(1)After section 33 (improvements) of the 1991 Act there is inserted—
Where the tenant has carried out an improvement—
(a)specified in Part II or III of Schedule 5 to this Act; and
(b)by executing work which the landlord was required, at the time the lease was entered into and by virtue of section 5(2)(a) of this Act, to execute in order to fulfil his obligations under the lease,
any term of the lease or of an agreement between the landlord and tenant made before the coming into force of this section which purports to provide that the amount of compensation payable to the tenant for the improvement is less than the amount of compensation to which the tenant is entitled under this Part of this Act for the improvement (or that no compensation is payable) shall not apply in relation to such part or proportion of the improvement as the landlord would have been so required to carry out in order to fulfil those obligations.”.

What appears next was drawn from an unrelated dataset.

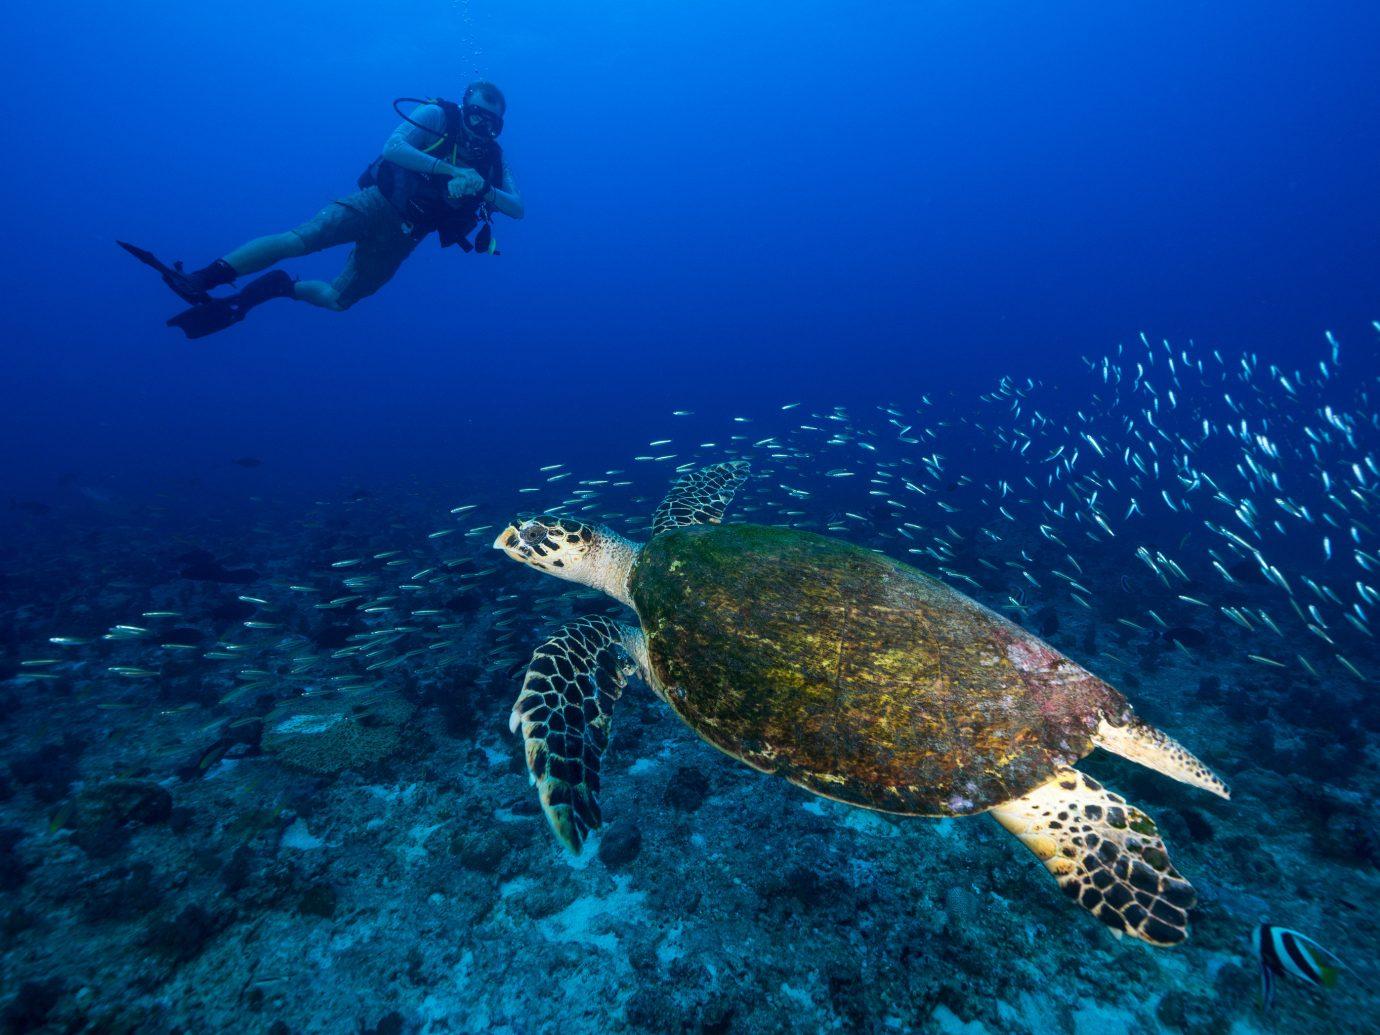 Luxury Travel Trip Ideas reptile sea turtle loggerhead marine biology turtle ecosystem underwater water animal Sea organism coral reef reef divemaster underwater diving Scuba Diving coral aquanaut Ocean tortoise blue ocean floor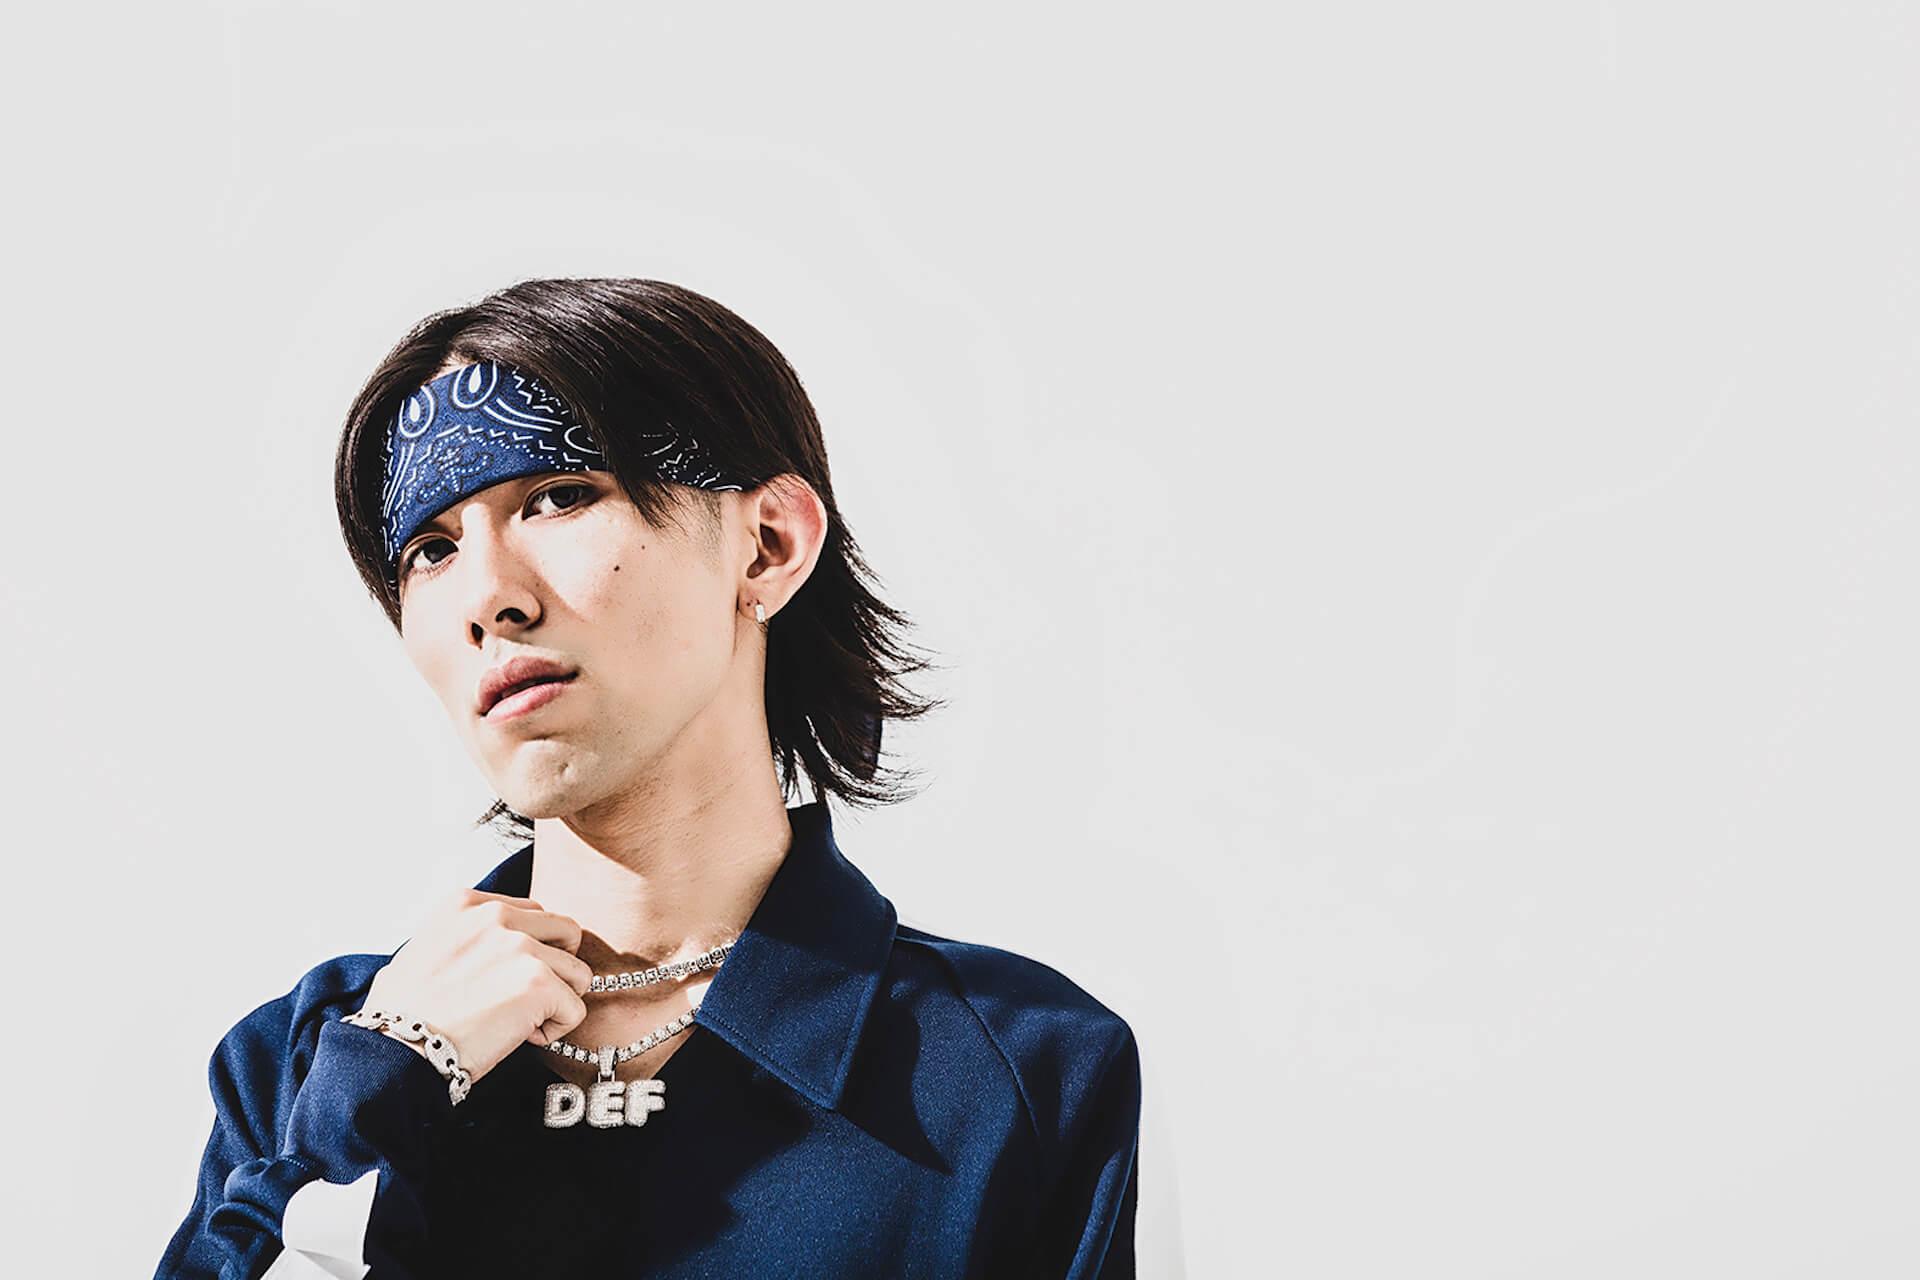 RAU DEF、ニューアルバム『ESCALATE III』を9月25日に発売決定|SKY-HI、PUNPEE、JNKMN、kamuiらが客演 music190821-raudef-1

(2)The following provisions of that Act (which relate to agreements as to compensation for improvements) are repealed—
(a)in section 34, paragraph (b) of subsection (4);
(b)in section 37, subsection (2); and
(c)in section 38, subsection (5).
(3)In section 38 (notice required of certain improvements) of that Act, after subsection (2) there is inserted—
“(2A)Subsection (1) above shall not apply in the case of an improvement mentioned in subsection (1)(c) above if the improvement was carried out by executing work which the landlord was required, at the time the lease was entered into and by virtue of section 5(2)(a) of this Act, to execute in order to fulfil his obligations under the lease.”.
Commencement Information
I1S. 43 in force at 27.11.2003 by S.S.I. 2003/548, art. 2(d) (with Sch.)